Considering the increasing significance in the corporate world, CSR will continue to be an imperative element of hospitality businesses, evaluated by various stakeholders. Reflecting this trend, the case for CSR in the hospitality sector has been actively explored in recent years. Understanding the hospitality industry’s unique characteristics that distinguish it from other industries, hospitality firms are advised to identify key stakeholders and fulfill their expectations in a balanced manner. Particularly, this article suggests that the identification of key stakeholders may vary depending on CLC since external and internal environments of an organization are likely to vary with the life cycle stage. Therefore, firms are encouraged to identify certain stakeholder groups who are likely to become more or less important at different life cycle stages.

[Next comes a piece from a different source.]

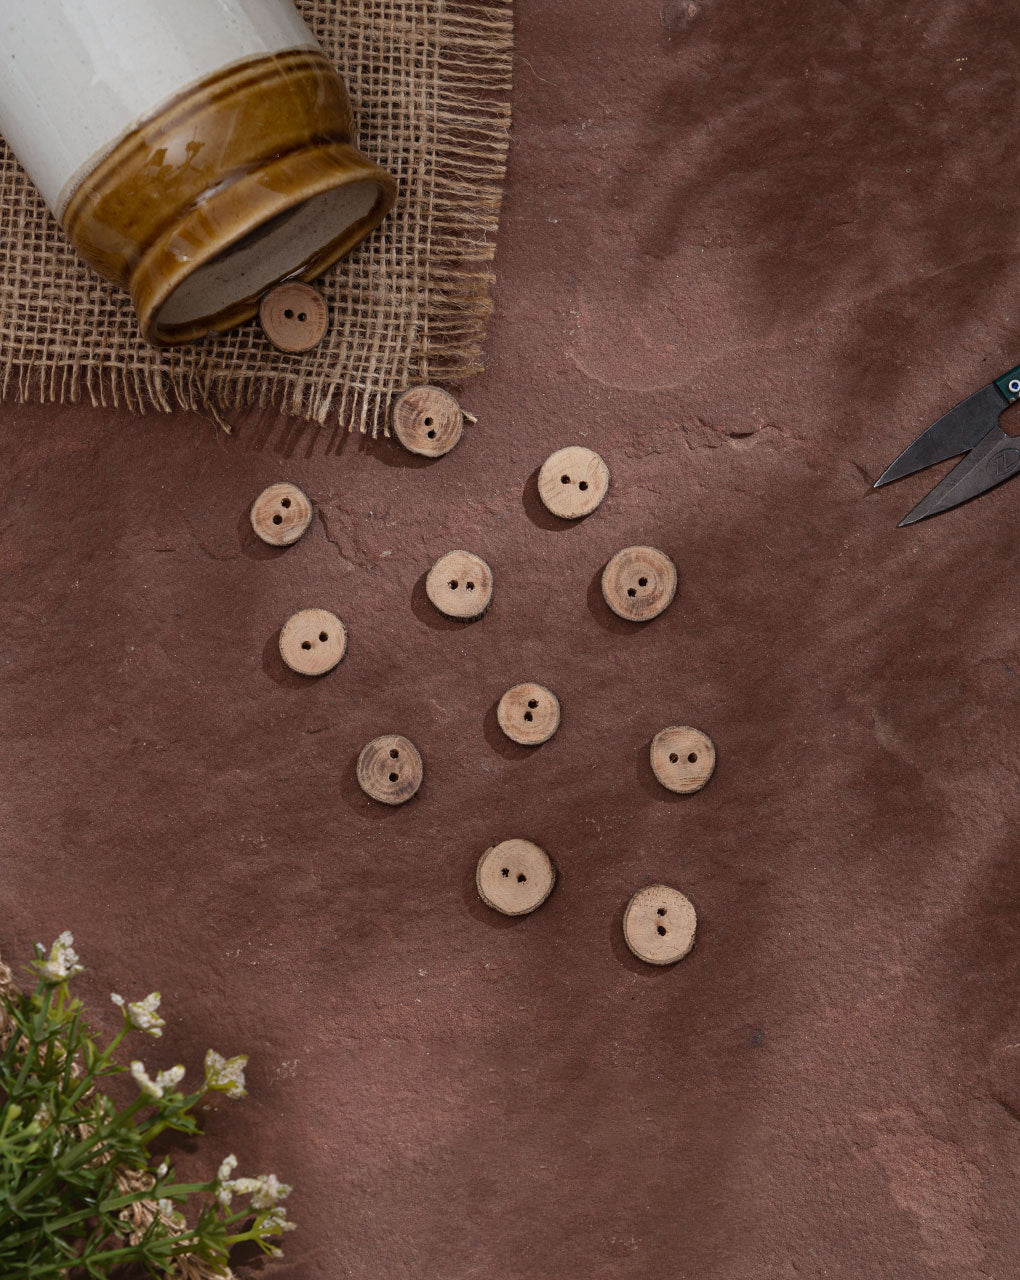 Hand Crafted Wooden Button ( Set Of 5 ) - Fabriclore.com

Stakeholders are demanding strategic, values-aligned, and impactful CSR strategies. The time is now for hospitality firms to move beyond the generosity approach to targeted efforts with a focus on understanding the needs of stakeholders whom they wish to support. In this respect, with this piece of information, hospitality firms should consider how to make their CSR activities essential to their success in business.


I sincerely appreciate Mr. Hyoung Ju Song and the guest editors for their helpful and constructive comments.